We are looking for advice on our Autosleeper Legend GL-It's an oldy, but has only just starting to show signs of its age through the side window seals which will need some attention to nip any damp in the bud.

Could anyone advise us whether it would be possible to attend the problem by just pumping something under the rubber seals, or whether it would be better replacing the rubber completely, and if so, where would we be able to purchase some rubber for such an old girl?

Bridget Mary


----------



## vardy

You'll probably get loads of replies - but Autosleepers will know exactly what to use - just in case you haven't got the number to hand - 01386 853338. I had to ring about my curtain tracks, and they also made me a bed insert for a 95 van very reasonably.


----------



## kaybee327

Hi although we no longer have a legend I would suggest having the windows taked out and resealed.

I ha one done bu can't remember cost I think about £60 but at east you are sure of a good seal. Took about one and a half hours

Keith


----------



## 116604

vardy said:


> You'll probably get loads of replies - but Autosleepers will know exactly what to use - just in case you haven't got the number to hand - 01386 853338. I had to ring about my curtain tracks, and they also made me a bed insert for a 95 van very reasonably.


Thank you for your advice, I shall use this number to get a quote. Love it!
BridgetMary


----------



## 116604

kaybee327 said:


> Hi although we no longer have a legend I would suggest having the windows taked out and resealed.
> 
> I ha one done bu can't remember cost I think about £60 but at east you are sure of a good seal. Took about one and a half hours
> 
> Keith


Keith,

Ta for your advice. We would like the windows resealed but know that the terminology is difficult - when the people say they will reseal the windows, does this really mean the rubber seals will be replaced? I'm not sure whether we would like the windows resealed or whether to ask for the rubber seals replaced??
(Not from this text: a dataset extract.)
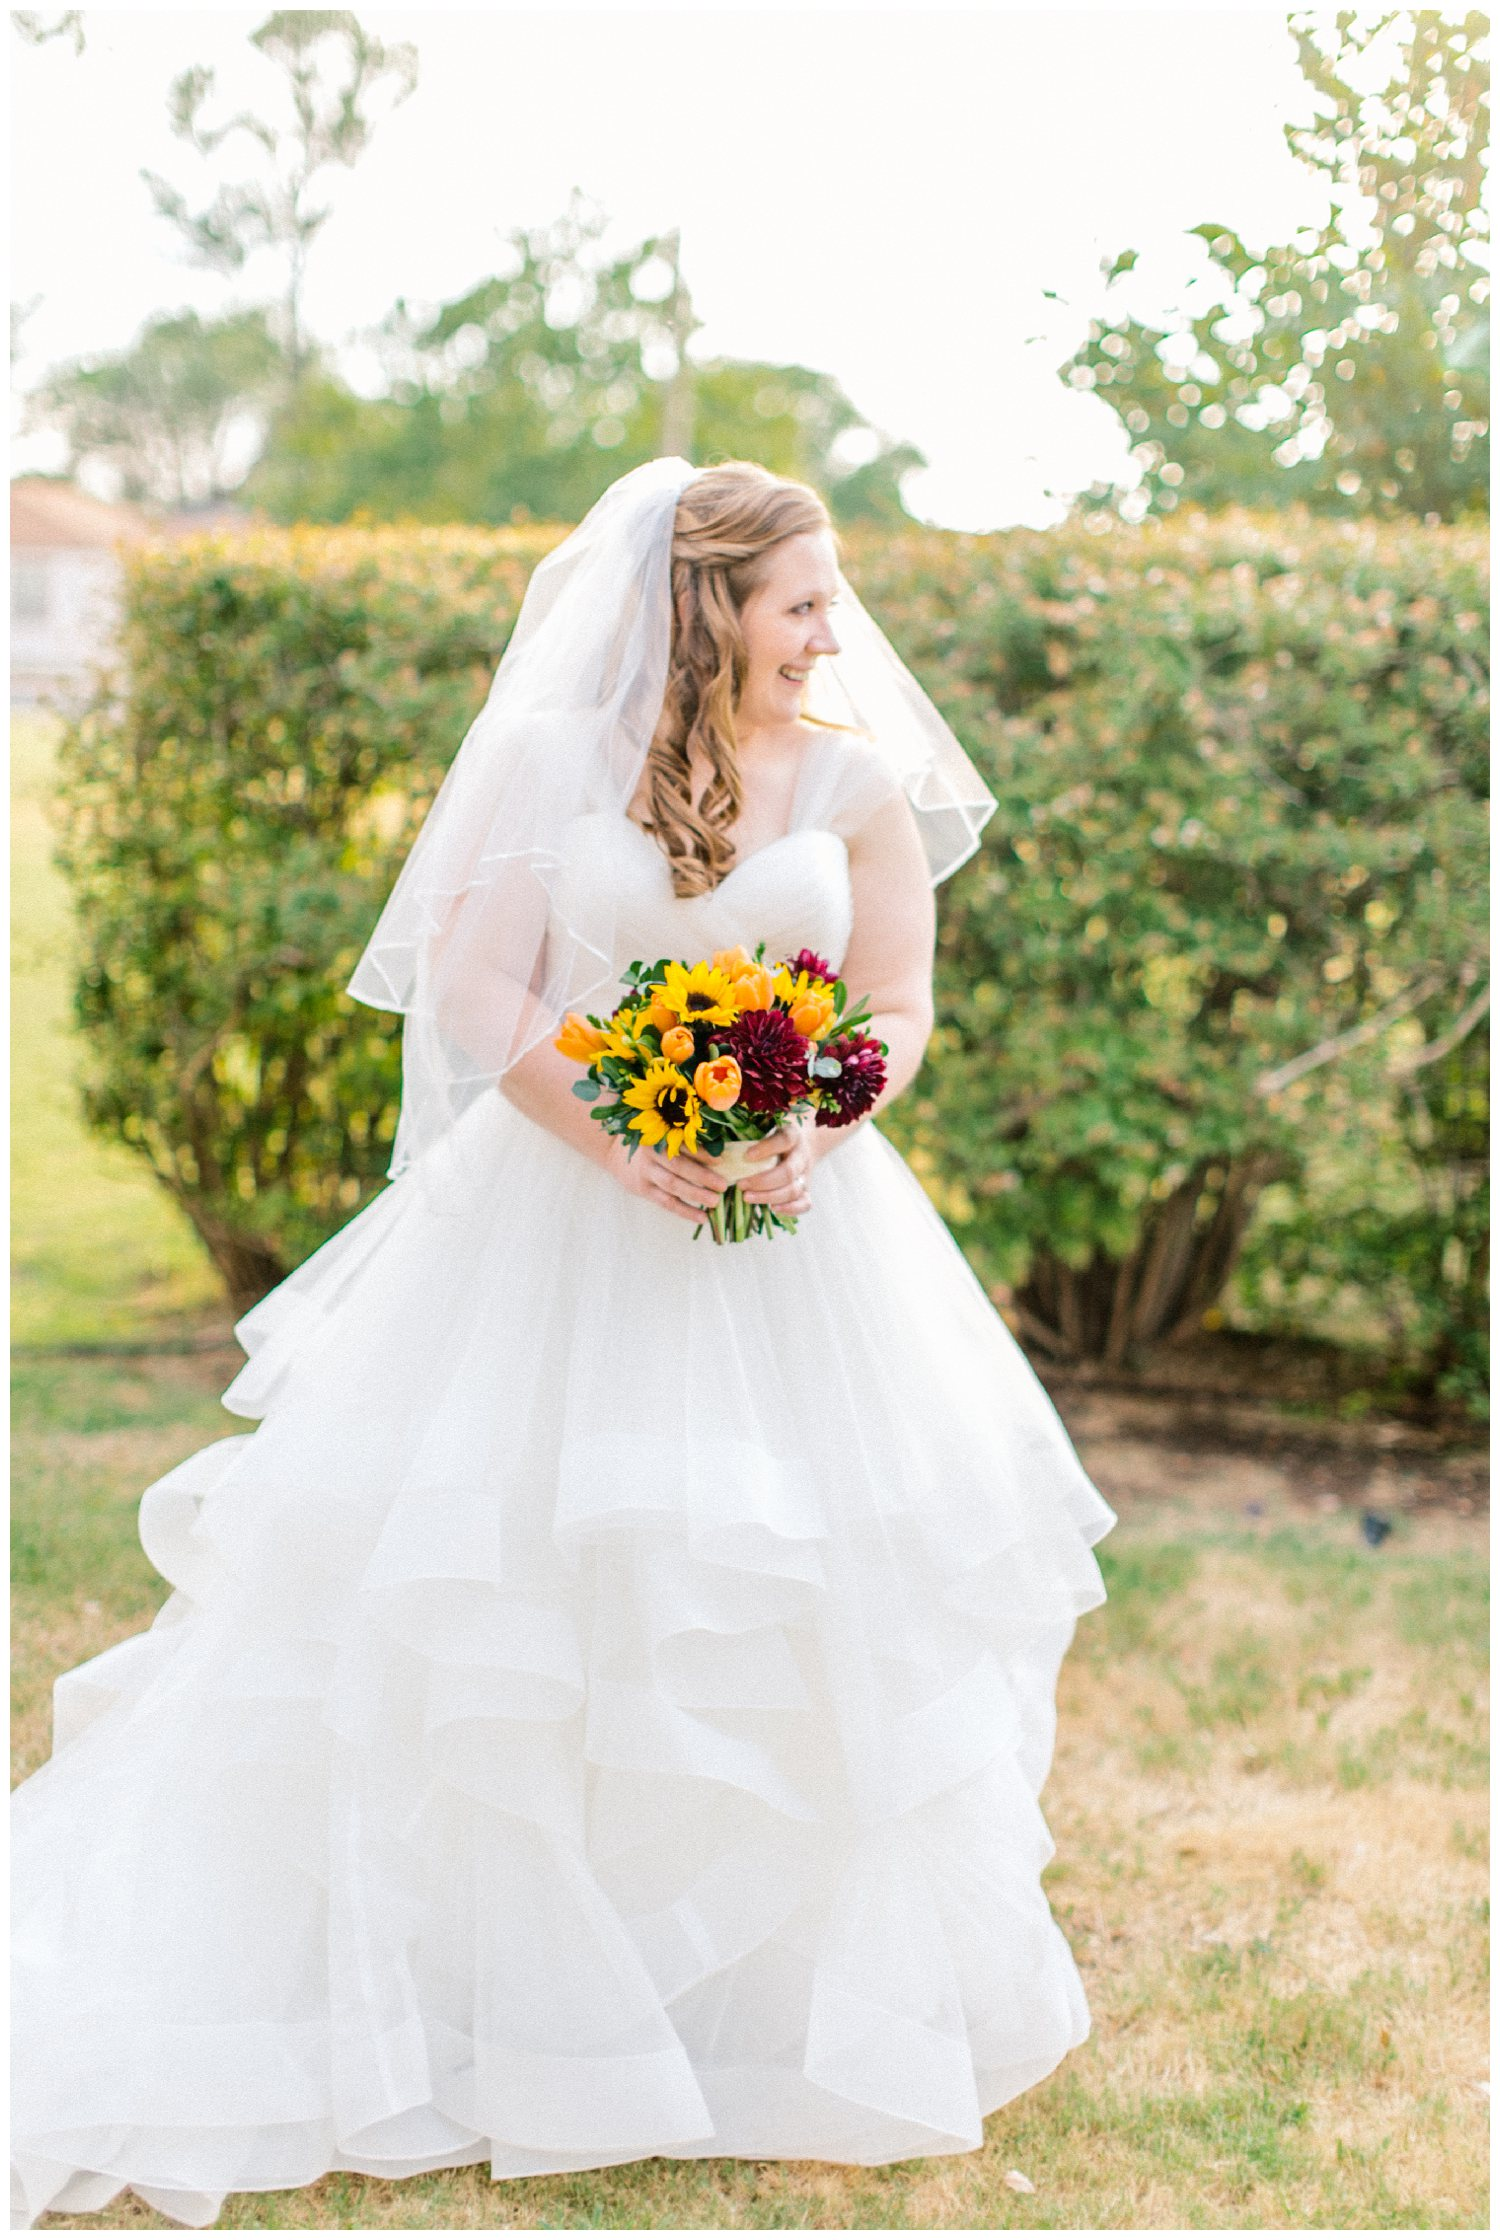 Kamie_Lubbock arboretum bridal portraits_05.jpg

It's a typical world out there, isn't it??

BridgetMary


----------



## kaybee327

BridgetMary

Firstly must get my spell check working after looking at my previous post

Ours was a 97 model and we were told it is normally the mastic which goes, so they removed the windows and all the old mastic then replaced with new. They id an excellent job and we had no further problems

Hope you can get sorted soon

Keith


----------